*** Opening of RECORDS FOR THIS EXERCISE ***

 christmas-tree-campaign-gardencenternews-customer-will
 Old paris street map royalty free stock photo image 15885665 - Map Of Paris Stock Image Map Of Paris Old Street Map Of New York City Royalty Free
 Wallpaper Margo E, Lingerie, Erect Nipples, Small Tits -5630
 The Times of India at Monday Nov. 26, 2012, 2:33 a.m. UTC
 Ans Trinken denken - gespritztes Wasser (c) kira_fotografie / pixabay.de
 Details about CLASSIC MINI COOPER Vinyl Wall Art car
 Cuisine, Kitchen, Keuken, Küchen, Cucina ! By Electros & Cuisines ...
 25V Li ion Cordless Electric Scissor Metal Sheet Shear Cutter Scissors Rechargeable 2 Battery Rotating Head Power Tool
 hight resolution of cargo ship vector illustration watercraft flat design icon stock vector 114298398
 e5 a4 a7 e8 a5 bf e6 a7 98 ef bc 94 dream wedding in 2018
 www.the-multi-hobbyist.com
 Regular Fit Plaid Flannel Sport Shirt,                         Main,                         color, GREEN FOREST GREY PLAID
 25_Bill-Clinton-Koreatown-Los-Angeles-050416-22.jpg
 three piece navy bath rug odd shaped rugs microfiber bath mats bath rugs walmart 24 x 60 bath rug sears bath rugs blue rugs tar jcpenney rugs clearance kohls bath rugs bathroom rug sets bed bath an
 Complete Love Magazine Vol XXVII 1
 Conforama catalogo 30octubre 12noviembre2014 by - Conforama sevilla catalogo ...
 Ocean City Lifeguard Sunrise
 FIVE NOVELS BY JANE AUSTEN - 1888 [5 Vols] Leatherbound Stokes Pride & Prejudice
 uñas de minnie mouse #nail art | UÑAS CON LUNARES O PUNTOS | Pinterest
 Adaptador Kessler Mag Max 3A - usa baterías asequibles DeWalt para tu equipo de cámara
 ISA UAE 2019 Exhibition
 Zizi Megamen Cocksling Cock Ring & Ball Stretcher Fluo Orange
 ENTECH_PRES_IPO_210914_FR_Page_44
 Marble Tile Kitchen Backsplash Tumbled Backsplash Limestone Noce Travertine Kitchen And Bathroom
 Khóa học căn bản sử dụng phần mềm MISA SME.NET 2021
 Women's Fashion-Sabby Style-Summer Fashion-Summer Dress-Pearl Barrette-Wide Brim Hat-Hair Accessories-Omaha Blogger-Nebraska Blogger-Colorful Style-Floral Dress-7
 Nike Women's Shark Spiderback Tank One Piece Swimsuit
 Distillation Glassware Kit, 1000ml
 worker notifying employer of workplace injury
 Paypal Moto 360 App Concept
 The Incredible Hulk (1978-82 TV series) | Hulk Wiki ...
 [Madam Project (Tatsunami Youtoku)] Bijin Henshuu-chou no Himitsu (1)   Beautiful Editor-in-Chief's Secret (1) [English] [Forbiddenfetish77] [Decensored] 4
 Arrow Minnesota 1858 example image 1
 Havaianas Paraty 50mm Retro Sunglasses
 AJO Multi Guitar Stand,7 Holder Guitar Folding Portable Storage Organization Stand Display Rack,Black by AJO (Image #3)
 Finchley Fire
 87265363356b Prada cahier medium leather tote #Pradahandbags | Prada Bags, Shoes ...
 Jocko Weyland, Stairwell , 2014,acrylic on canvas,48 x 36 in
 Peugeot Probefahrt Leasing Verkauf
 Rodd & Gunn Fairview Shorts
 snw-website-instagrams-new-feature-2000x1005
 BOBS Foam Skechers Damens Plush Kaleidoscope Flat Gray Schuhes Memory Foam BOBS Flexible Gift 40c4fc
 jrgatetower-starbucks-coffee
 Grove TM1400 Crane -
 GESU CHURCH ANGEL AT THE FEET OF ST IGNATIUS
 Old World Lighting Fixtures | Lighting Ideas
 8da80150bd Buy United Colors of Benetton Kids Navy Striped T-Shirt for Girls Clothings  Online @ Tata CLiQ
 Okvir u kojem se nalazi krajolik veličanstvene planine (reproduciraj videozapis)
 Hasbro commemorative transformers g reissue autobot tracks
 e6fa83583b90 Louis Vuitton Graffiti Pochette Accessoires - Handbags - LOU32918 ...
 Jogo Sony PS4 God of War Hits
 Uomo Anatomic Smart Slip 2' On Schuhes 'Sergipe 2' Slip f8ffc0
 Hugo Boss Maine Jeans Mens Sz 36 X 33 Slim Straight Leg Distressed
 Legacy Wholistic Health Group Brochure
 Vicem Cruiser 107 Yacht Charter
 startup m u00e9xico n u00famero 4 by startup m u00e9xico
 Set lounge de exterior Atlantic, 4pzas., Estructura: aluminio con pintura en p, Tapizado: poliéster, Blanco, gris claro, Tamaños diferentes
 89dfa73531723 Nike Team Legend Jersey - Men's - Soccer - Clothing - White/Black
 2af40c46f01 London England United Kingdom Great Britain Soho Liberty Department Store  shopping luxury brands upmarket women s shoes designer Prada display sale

*** Close of RECORDS FOR THIS EXERCISE ***

- _EXERCISE DIRECTIONS_
Copy out each line of the data above, exactly, if it lies between the line holding "AJO Multi Guitar" and the line holding "snw-website-instagrams-new-feature-2000x1005", inclusive; copy no other line.

- _RESULT OF THIS EXERCISE_
 AJO Multi Guitar Stand,7 Holder Guitar Folding Portable Storage Organization Stand Display Rack,Black by AJO (Image #3)
 Finchley Fire
 87265363356b Prada cahier medium leather tote #Pradahandbags | Prada Bags, Shoes ...
 Jocko Weyland, Stairwell , 2014,acrylic on canvas,48 x 36 in
 Peugeot Probefahrt Leasing Verkauf
 Rodd & Gunn Fairview Shorts
 snw-website-instagrams-new-feature-2000x1005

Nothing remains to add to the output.